EXERCISE 2-5: Energize Your Heart Center

       1.    Ask someone you feel safe with to sit beside you.

       2.    Place your hand on your heart. As you do so, ask the other person to gently place their hand on the middle of your back, on a level with your hand on the front of your body. You can also experience the energy shift of this exercise by remembering the feeling of connection with another as you lean your back into a cushion while sitting on a firm couch or chair.

       3.    Breathe gently in and out. Feel the sense of stable energy in the center of your torso. Relax into the ease and comfort of an active social engagement system.

       4.    After a minute or two, you can switch roles with your partner if you wish.

The social engagement system works nonverbally. The warm, safe touch communicates safety, returning the nervous system to calm, even without words.


 

EXERCISE 2-6: Hand on Heart

This tool is powerful enough to calm down a panic attack in less than a minute.

       1.    Place your hand on your heart. Breathe gently, softly, and deeply into the area of your heart. If you wish, breathe in a sense of ease or safety or goodness into this heart center.

       2.    Remember one moment, just one moment, when you felt safe, loved, and cherished by another human being. Don’t try to recall the entire relationship, just one moment. This could be a partner, a child, a friend, a therapist, or a teacher; it could be a spiritual figure. (Remembering a loving moment with a pet can work very well, too.)
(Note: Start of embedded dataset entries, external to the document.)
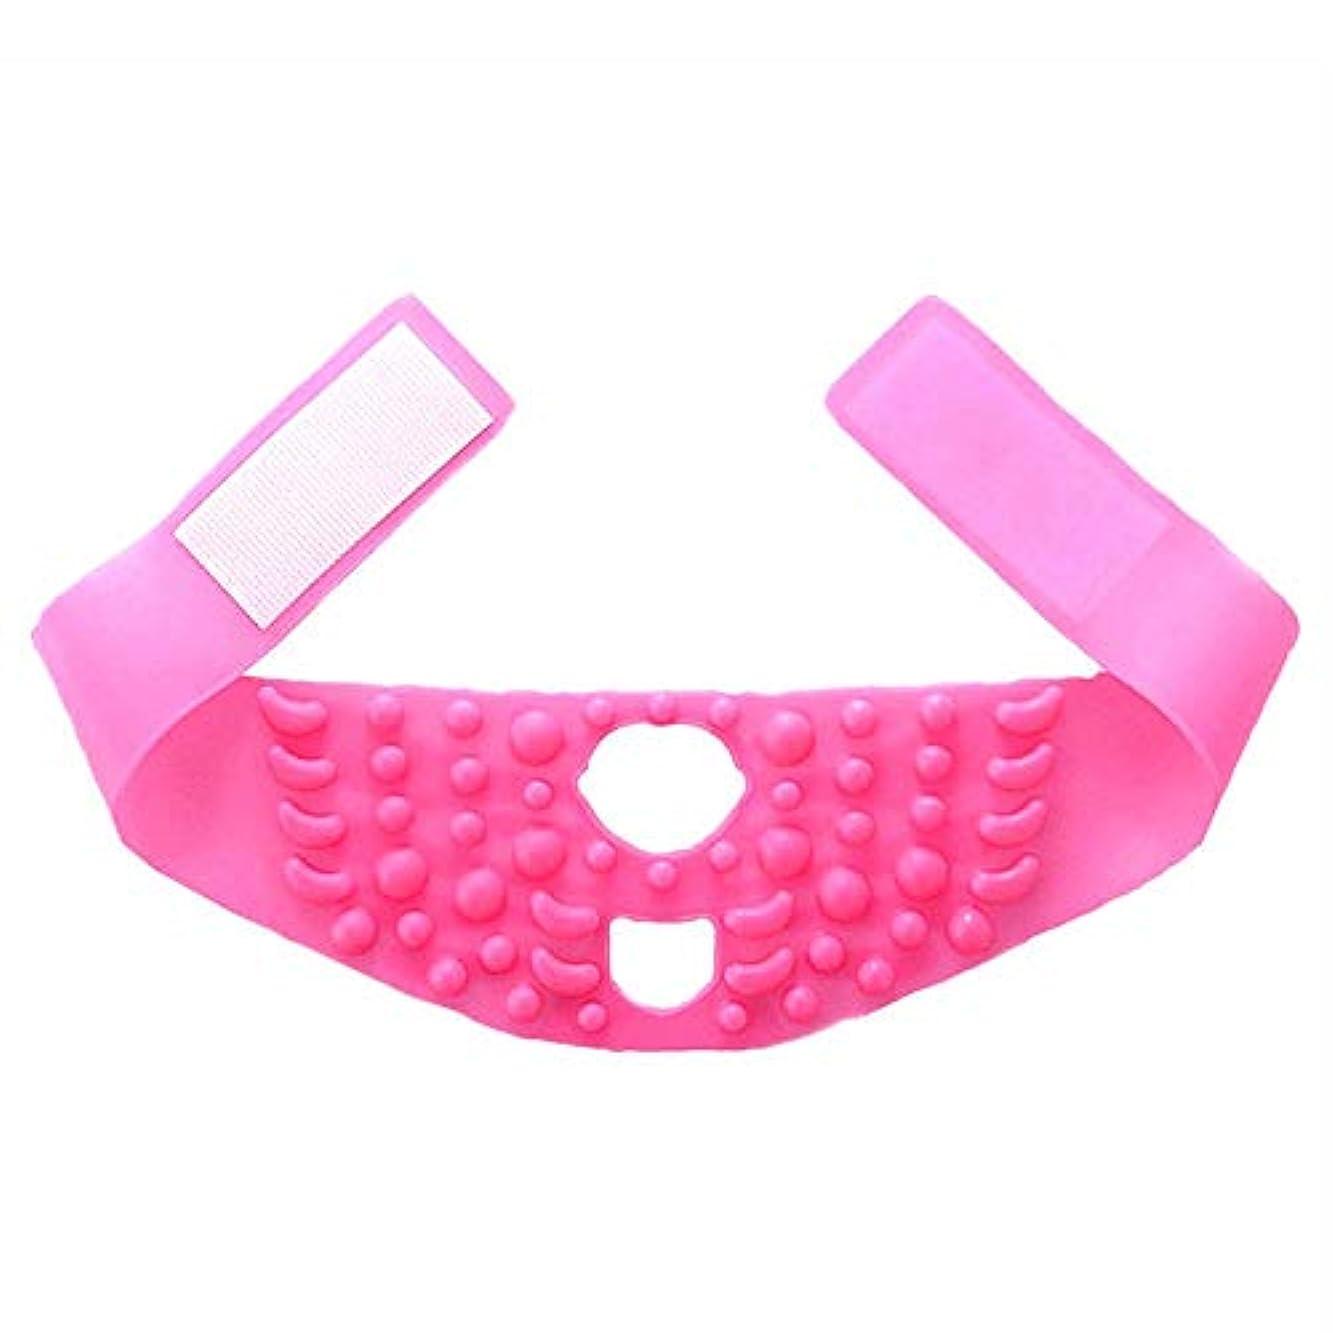 タイルタイプ軍団飛強強 シンフェイスマスクシリコーンマッサージ引き締まった形の小さなVフェイスリフティングに薄いフェイスアーティファクト包帯を飾る - ピンク スリムフィット美容ツール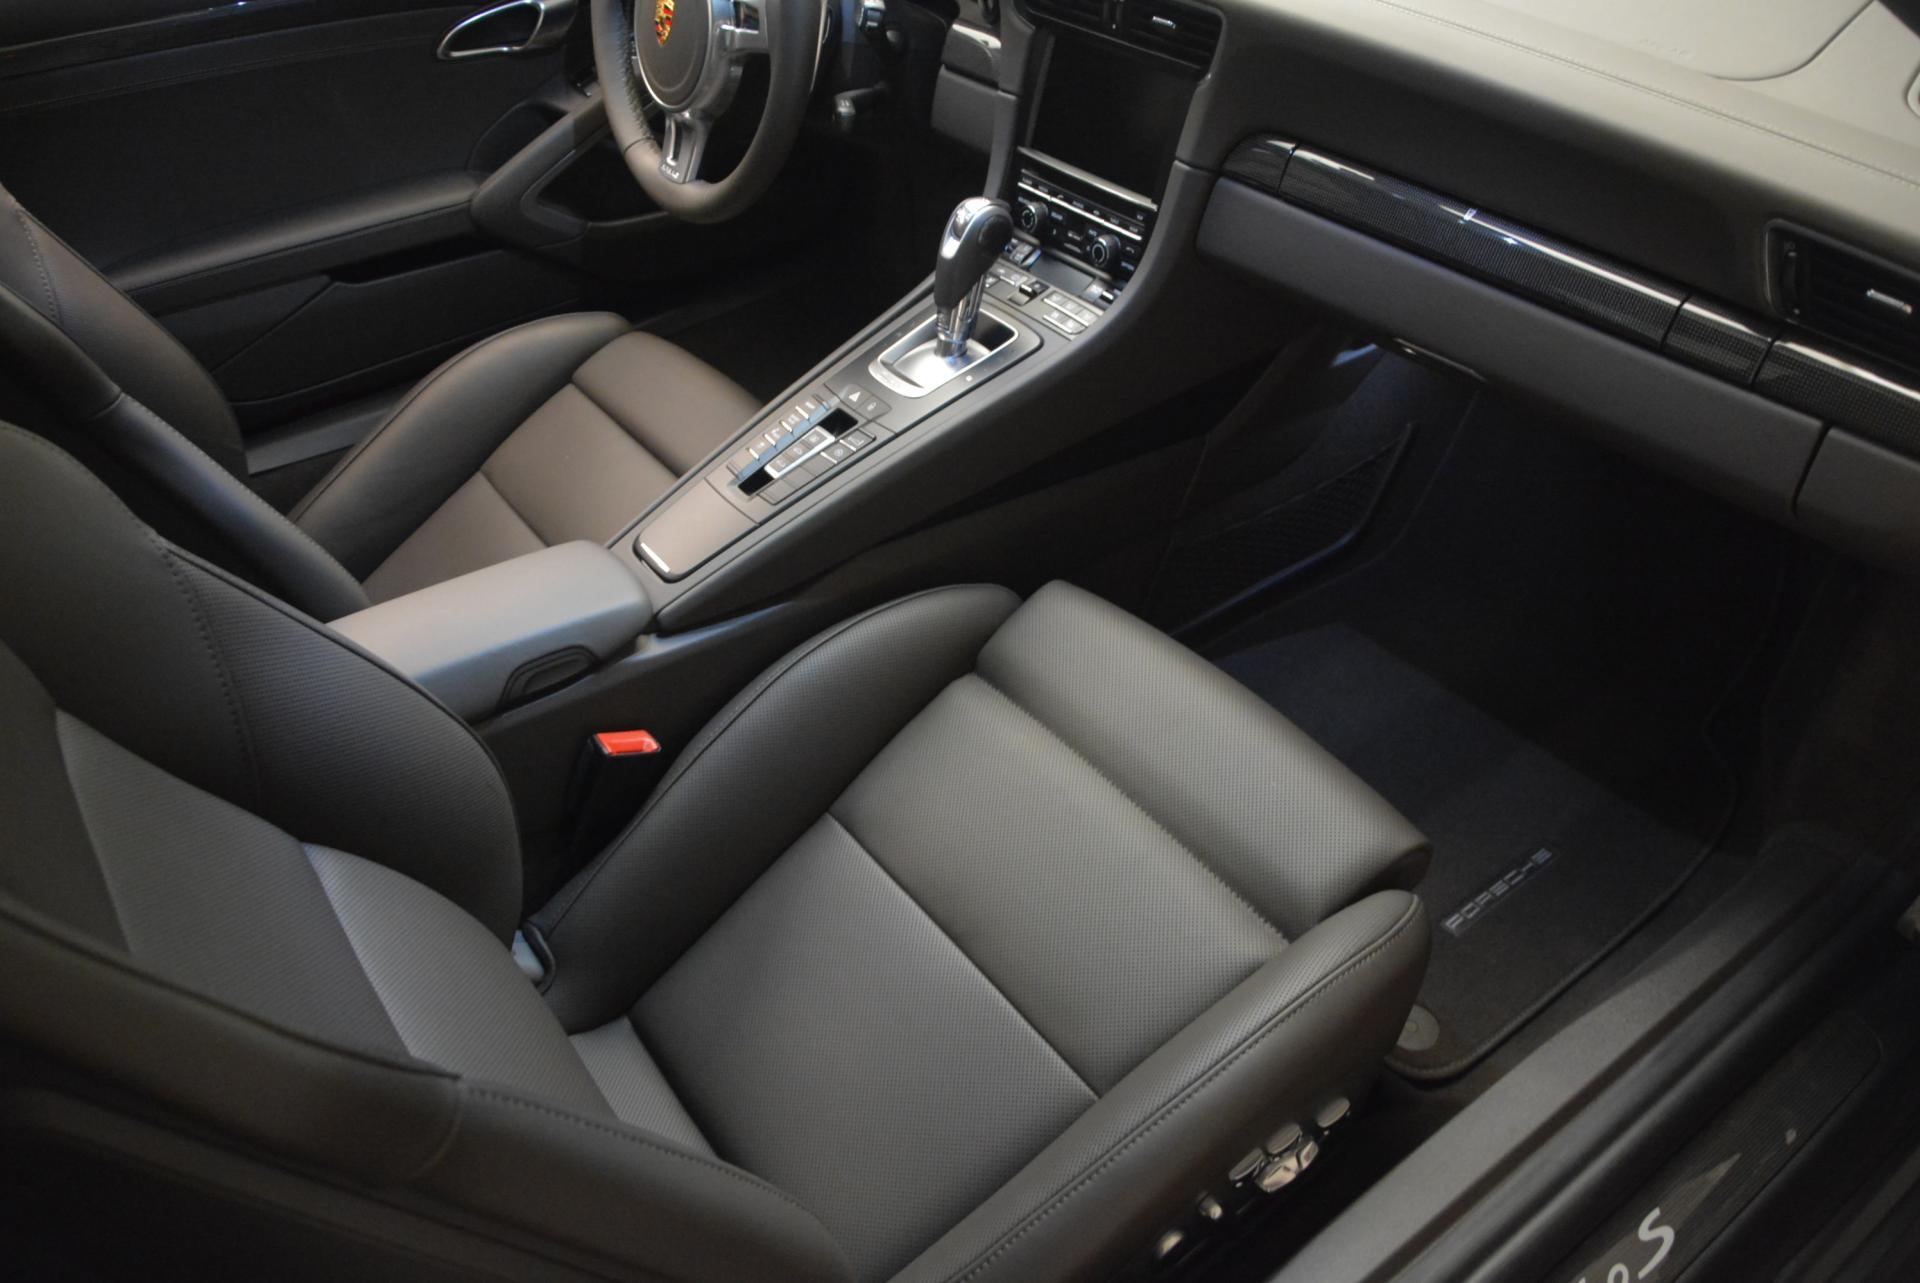 Used 2014 Porsche 911 Turbo S For Sale In Westport, CT 113_p19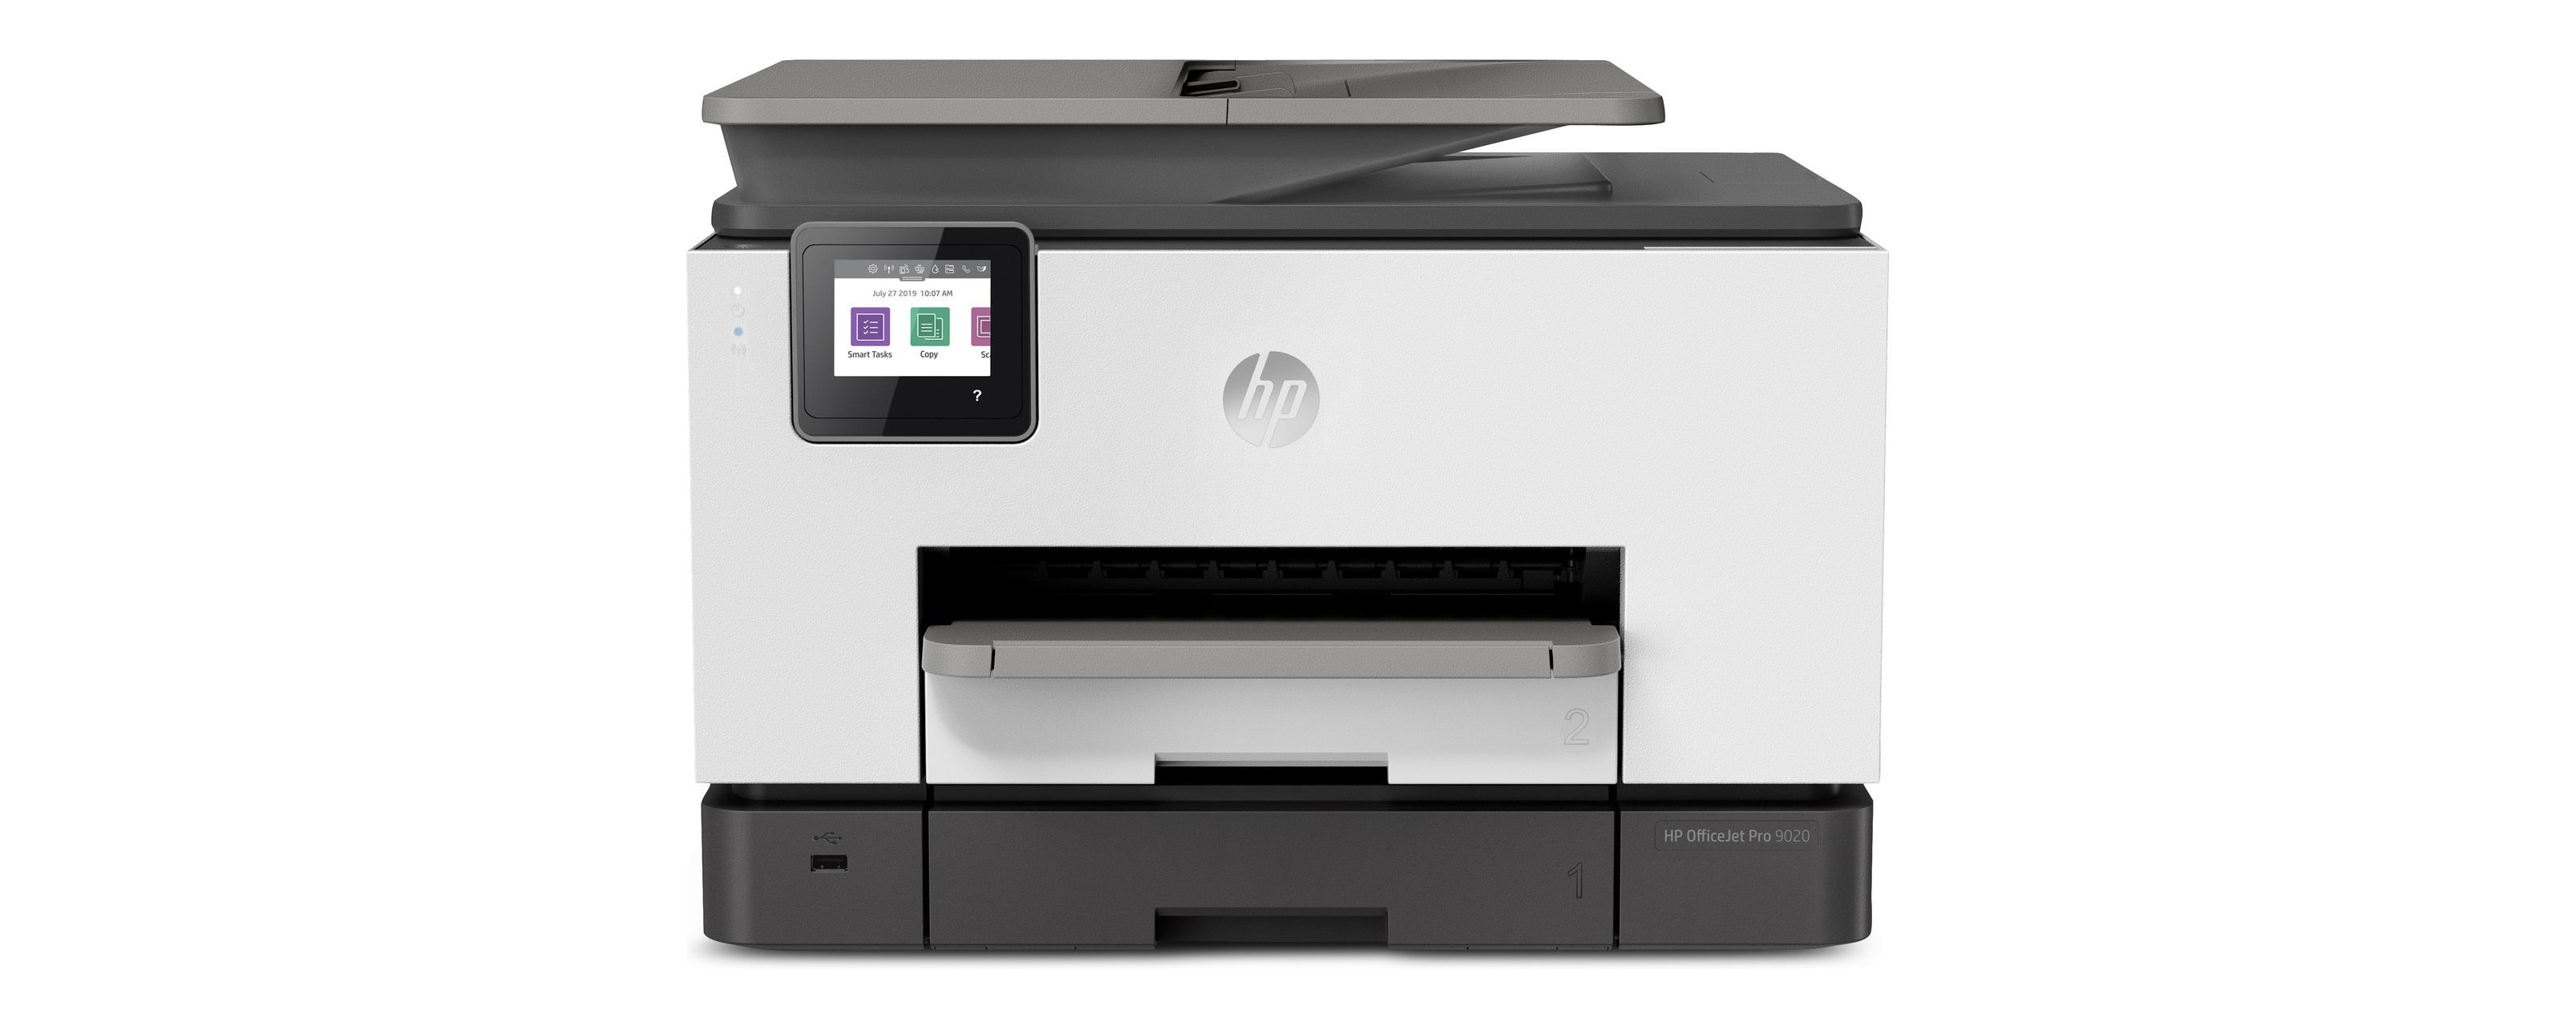 HP OfficeJet Pro 9020 ink cartridges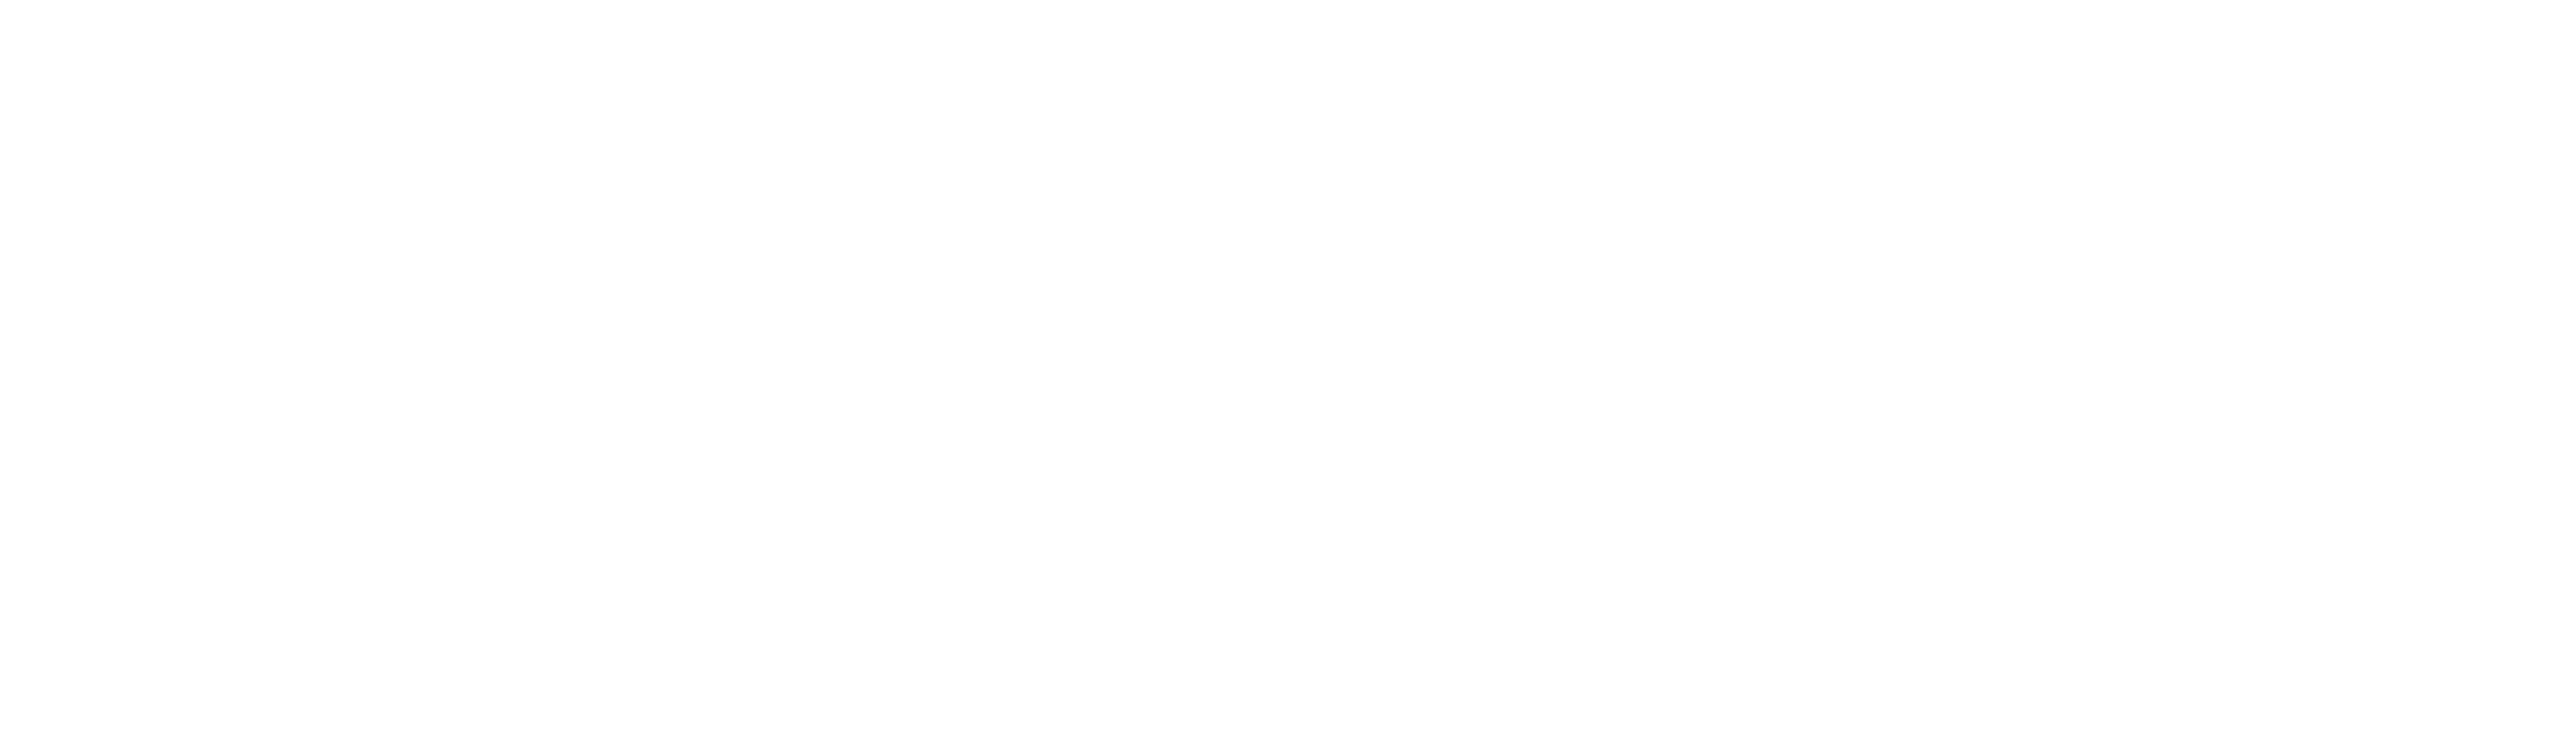 Buckinghamshire Council white - landscape-01

       3.    As you remember this moment of feeling safe, loved, and cherished, let yourself experience the feelings of that moment. Let the sensations wash through your body. Let yourself stay with these feelings for twenty to thirty seconds. Notice any deepening in a visceral sense of ease and safety.

       4.    Repeat this practice many times a day at first, to strengthen the neural circuitry that remembers this pattern. Then you can repeat it any time you need to, any time at all.

Remembering a moment of feeling safe, loved, and cherished by another person or pet activates the social vagus, reassuring you that indeed you are safe, you belong, and you are welcomed. Your blood pressure decreases, and your heart rate stabilizes. You return to the sense of safety that comes from a feeling of connection and belonging with safe others, even when you are alone.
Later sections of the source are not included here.